When Alison Bailey gets up in the morning, she walks the dog, takes her six-year-old daughter to the school bus stop, and then she starts to worry about her company's share price.

As CFO of Tai Ping Carpets, a Hong Kong-listed manufacturer of custom-designed carpets, Bailey finds it hard to believe that the stock market values her US$58 million-a-year company at less than half its book value. "There's no one like us in the world," she says, her voice pealing with enthusiasm. "We're the brand leaders in Asia in carpets and we're well known in the US and Europe." She has reason to be proud. Since Bailey signed on in 1996, she's helped recapitalize the company and turn it from a disjointed collection of businesses that lost money into a single-minded money maker with palpable growth potential.

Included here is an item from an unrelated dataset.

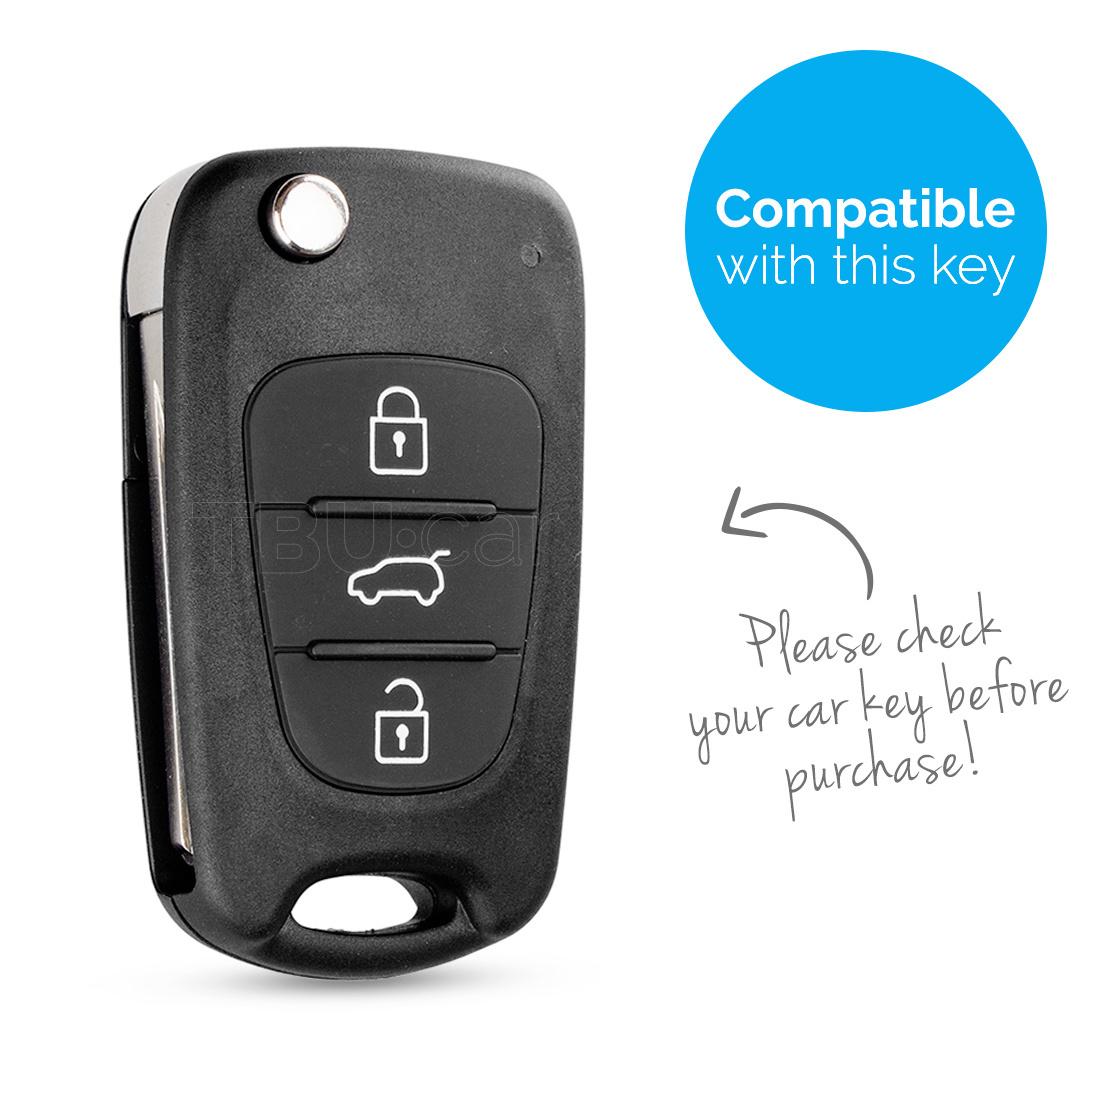 TBU car TBU car Autoschlüssel Hülle kompatibel mit Hyundai 3 Tasten - Schutzhülle aus Silikon - Auto Schlüsselhülle Cover in Rosa

And her work hasn't gone unnoticed. "Conscientious and bright," says Michael Nock, CEO of Doric Capital, a Hong Kong-based hedge fund, of Bailey and her CEO, Kent Yeh. In fact, Doric invested in Tai Ping last year. Still, Tai Ping's stock is so poorly rated that whole weeks go by without a soul buying a share. And Bailey can't blame the usual boogey-man of poor market conditions. True, stock markets have been sickly this year. But, at the same time, many small cap stocks have, in fact, been taking off.

Small Desires

In Singapore, for example, where the Straits Times Index has dropped 13 percent since March, the Business Times reported that 19 out of the 20 best performing shares were small cap stocks priced below S$1.00 (US$0.56). In Hong Kong, most profitable small caps have handsomely outdistanced the beleagured Hang Seng Index this year, with some showing share price increases of as much as 50 percent. Even in the US, the Value Line Arithmetic Index, which tracks 1,600 small stocks, has risen 17 percent over the past two years, versus a 30 percent drop in the S&P 500.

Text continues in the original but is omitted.